- From Monte Carlo to machine learning: how computational methods advance the study of statistical physics
- Guest Speaker
- Dr. Ying Wai Li
- Guest Affiliation
- Scientist and Deputy Team Leader, Los Alamos National Laboratory
- Thursday, February 25, 2021 3:55 pm - 4:55 pm
- Zoom Meeting
In statistical physics, Monte Carlo methods have been an important computational techniques to study the thermodynamics and properties of matter. They use random sampling to generate a collection of physical states of a system, from which finite- temperature properties of materials can be calculated. The statistical analysis associated with Monte Carlo simulations naturally extends to the use of machine learning methods that have been rapidly advancing in recent years. Additionally, these two methods complement each other to facilitate new algorithms, capabilities, as well as applications to frontier research problems. In this colloquium, I will review the basic principles and developments of both Monte Carlo and machine learning methods, and highlight some of our current studies in condensed matter physics enabled by the combination of these two methods.

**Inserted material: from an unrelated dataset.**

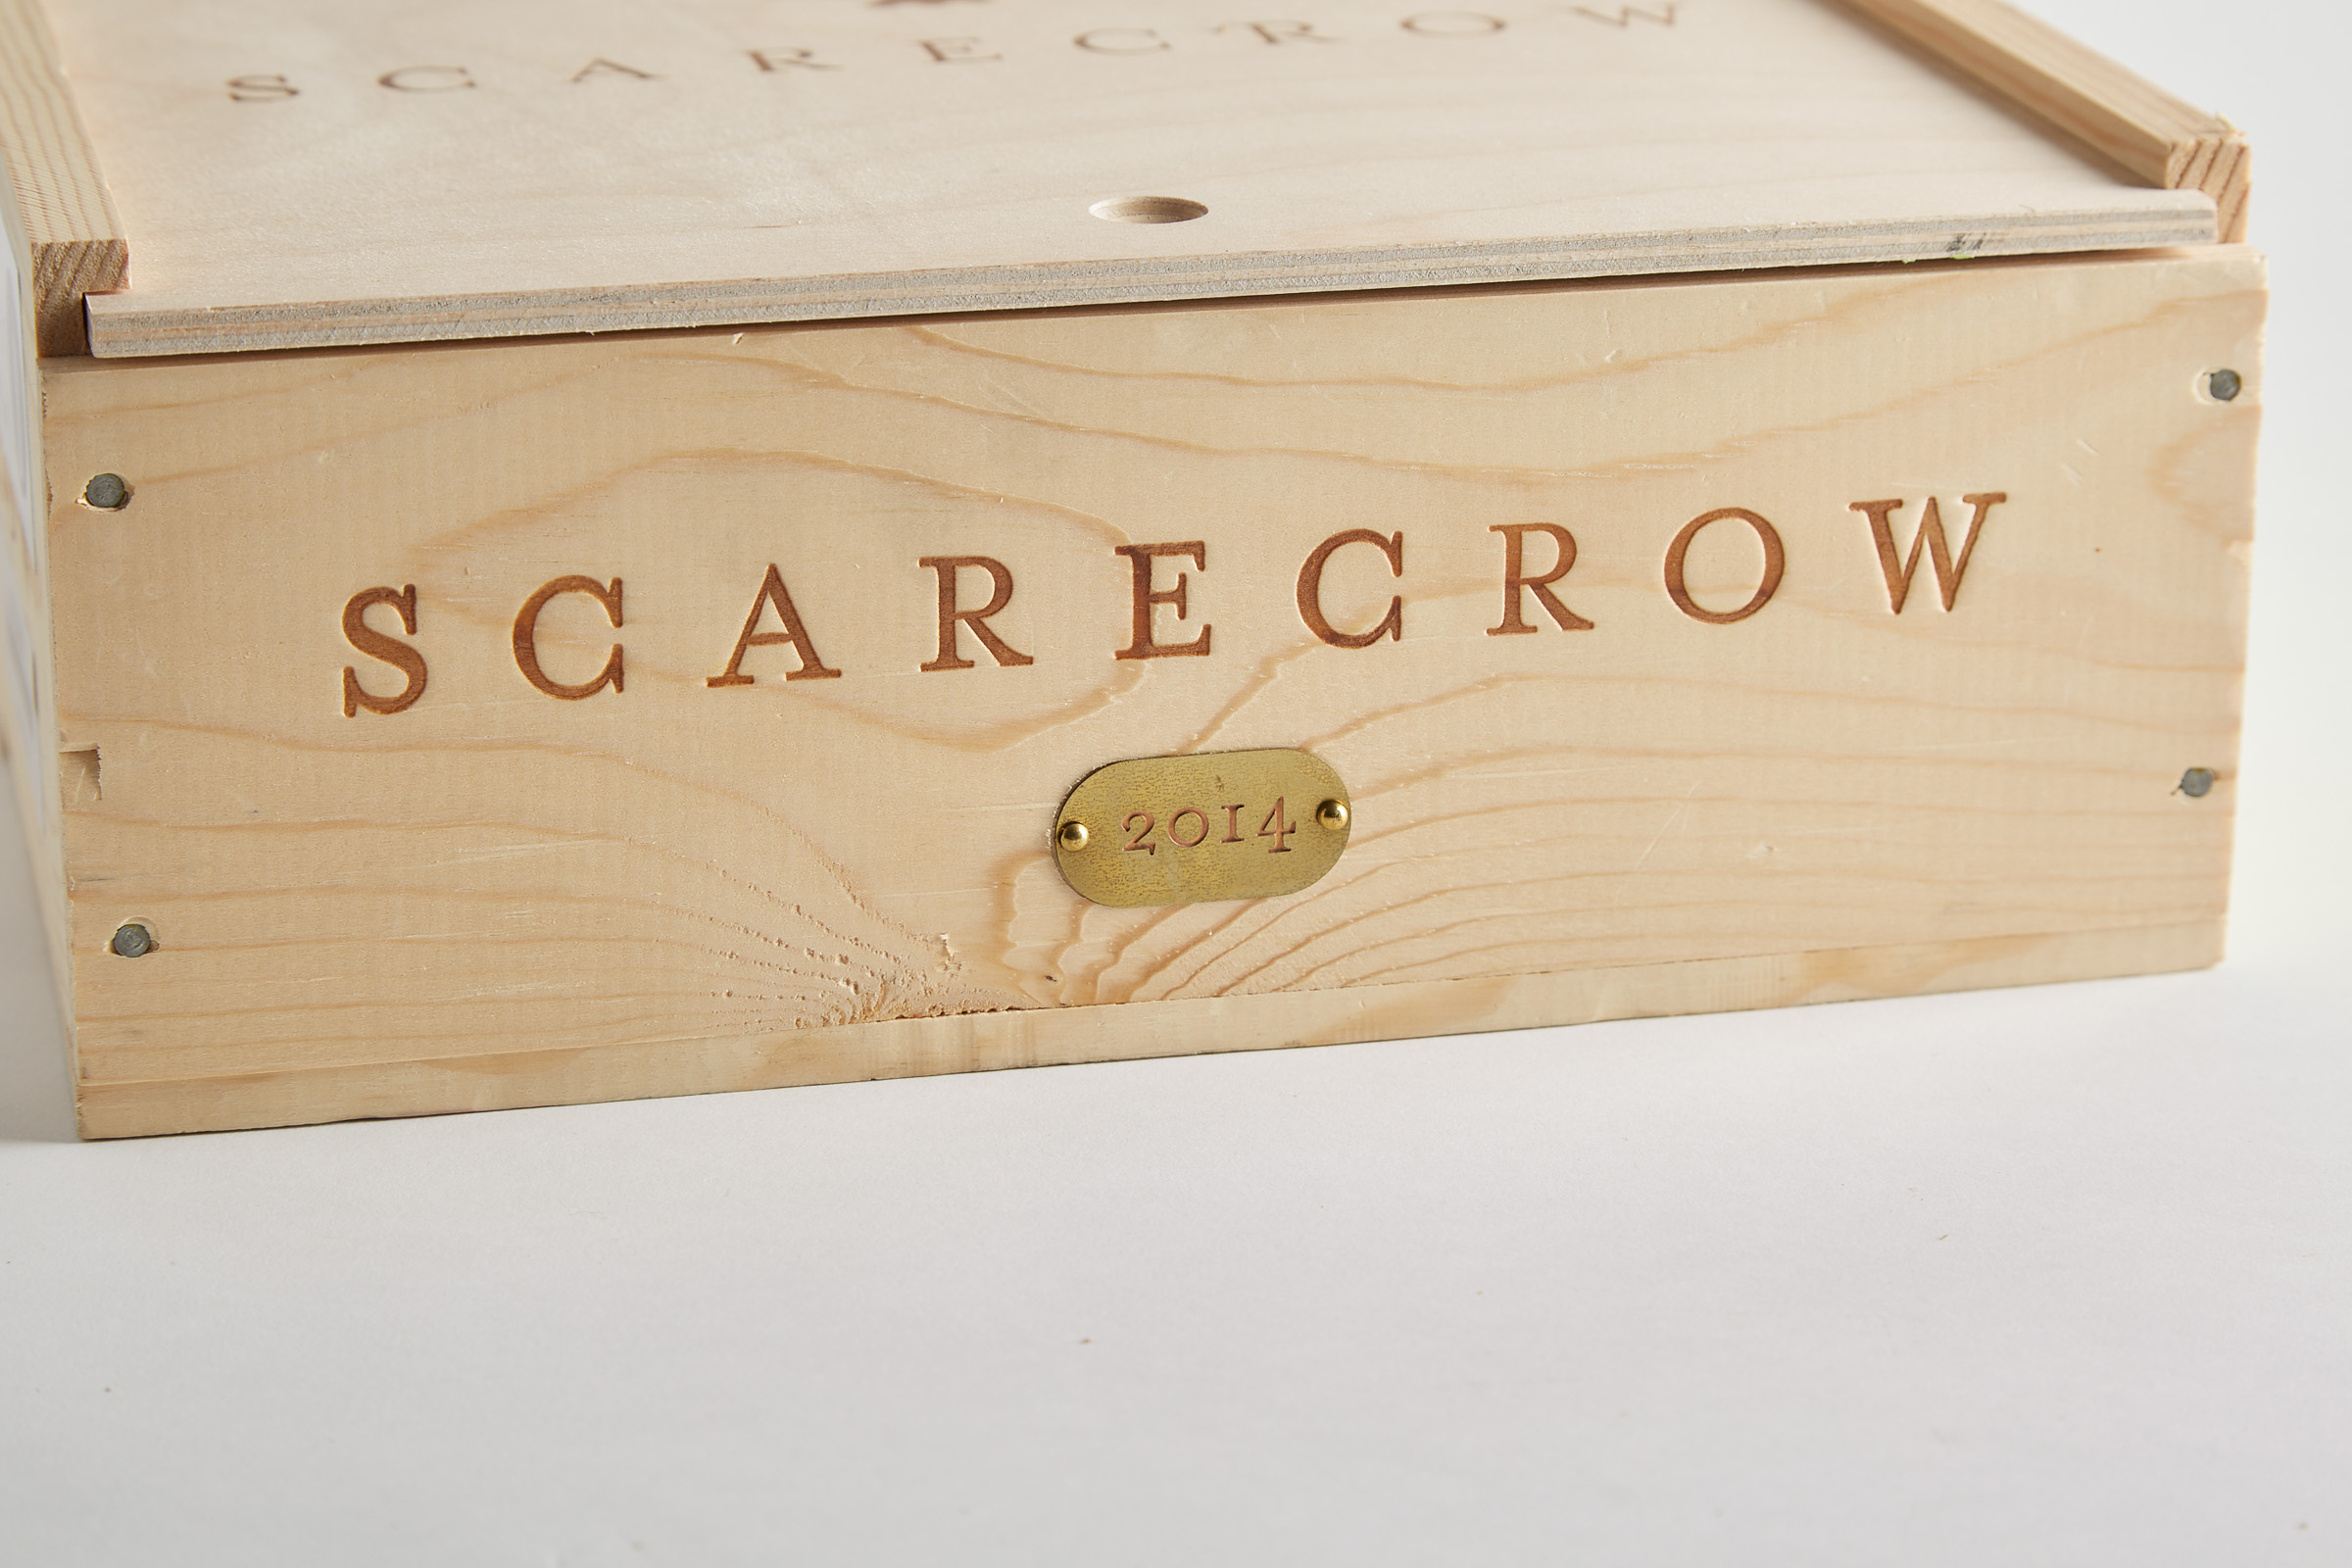 SCARECROW CABERNET SAUVIGNON 2014 (3, OWC) WA 100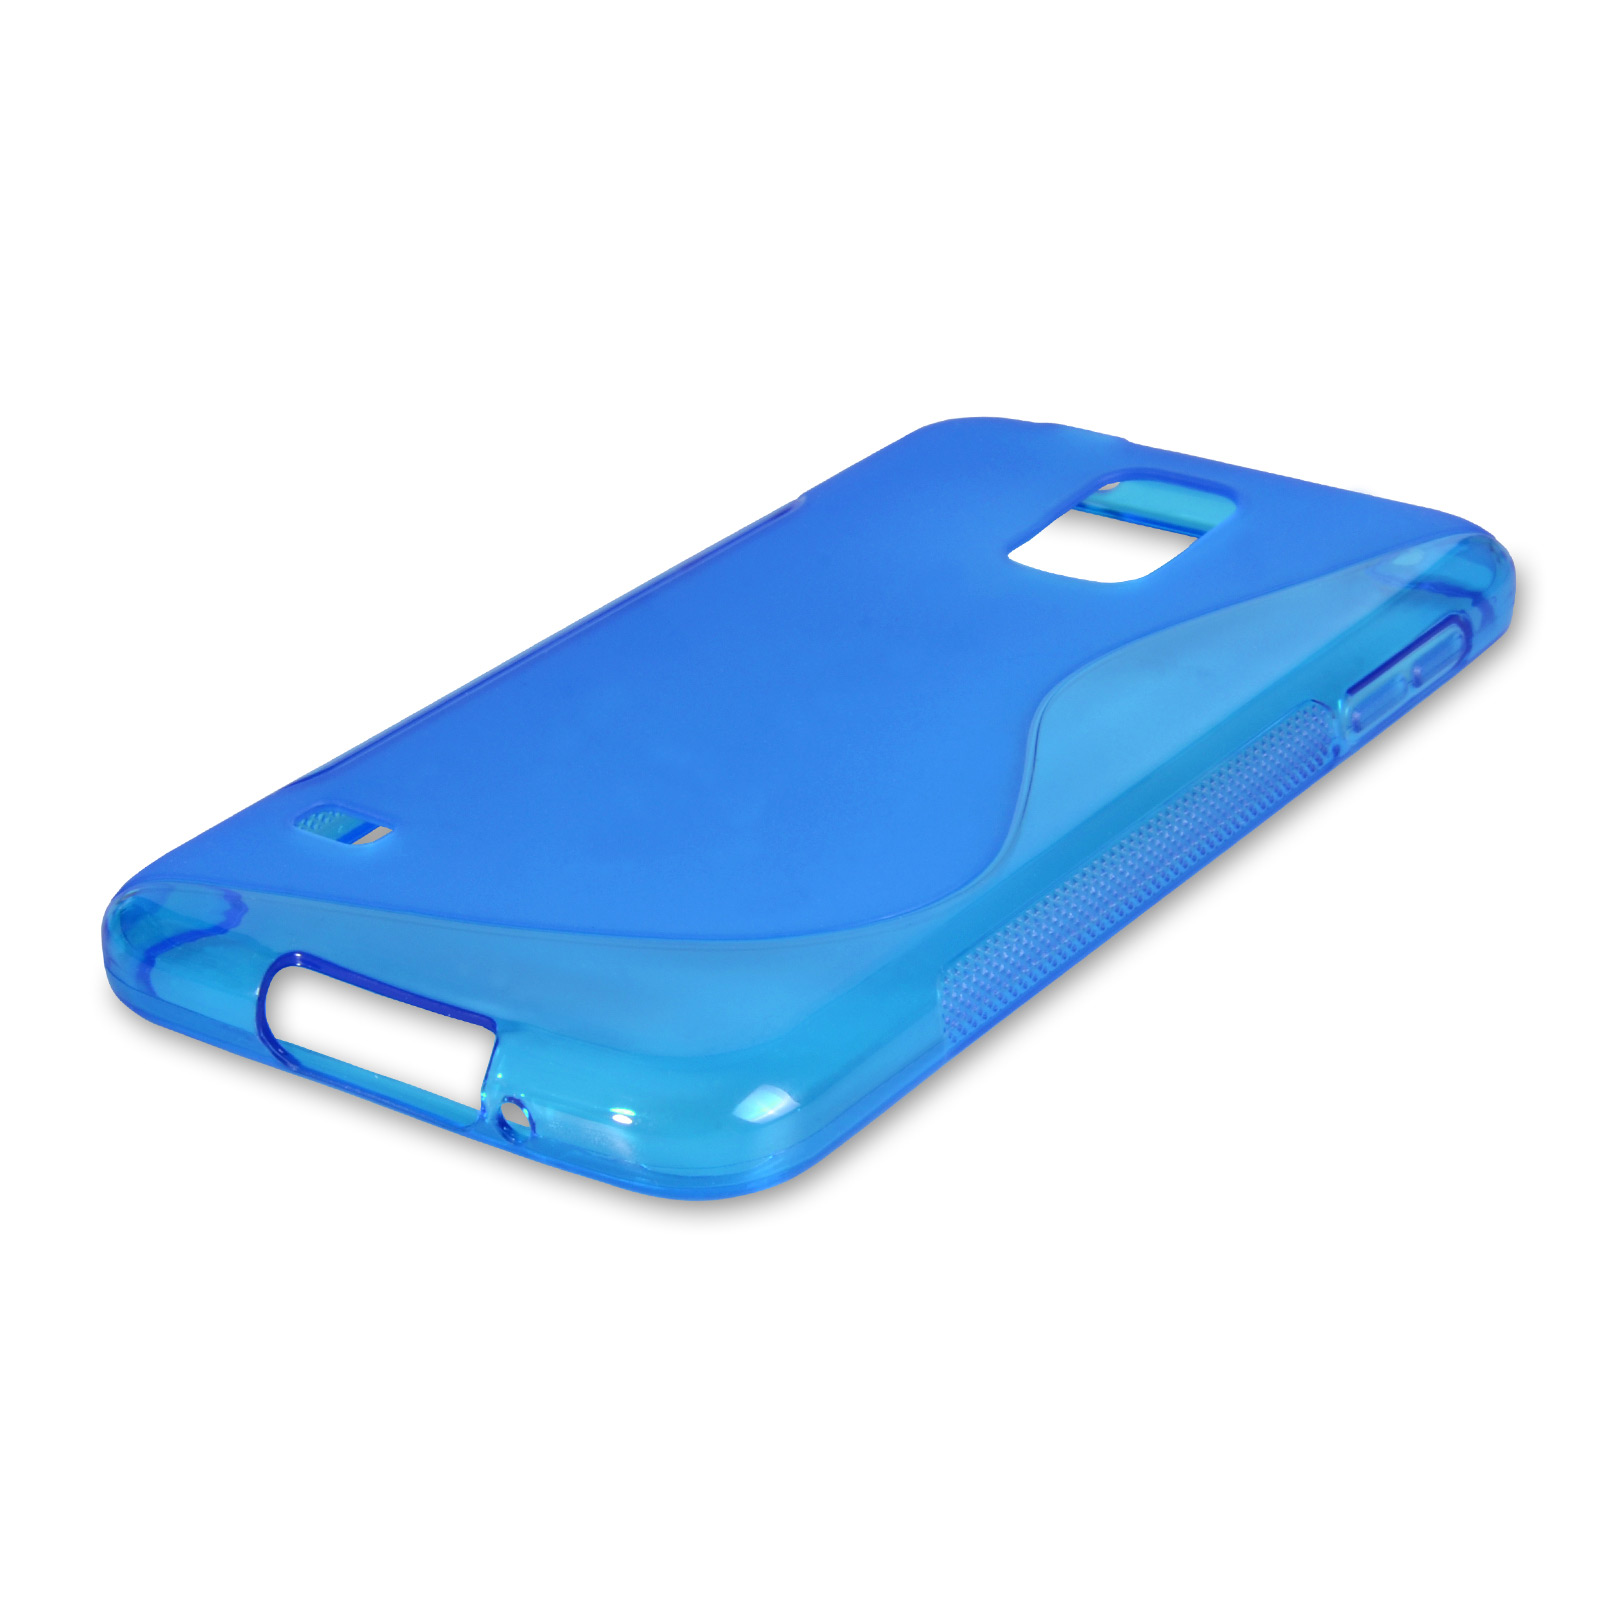 Caseflex Samsung Galaxy S5 Silicone Gel S-Line Case - Blue

Ying Wai Li has a Ph.D. in Computational Physics. She is a UGA Physics and Astronomy alumni, and is currently Deputy Team Leader of the Future Architectures and Applications Team at Los Alamos National Laboratory. Li’s research interests span condensed matter physics, algorithm design, and high-performance computing. Her expertise is in the state-of-the-art classical and parallel Monte Carlo algorithms, first principles methods, and recently the application of machine learning to computer simulations and data analytics for the study of thermodynamics and phase transitions of material properties.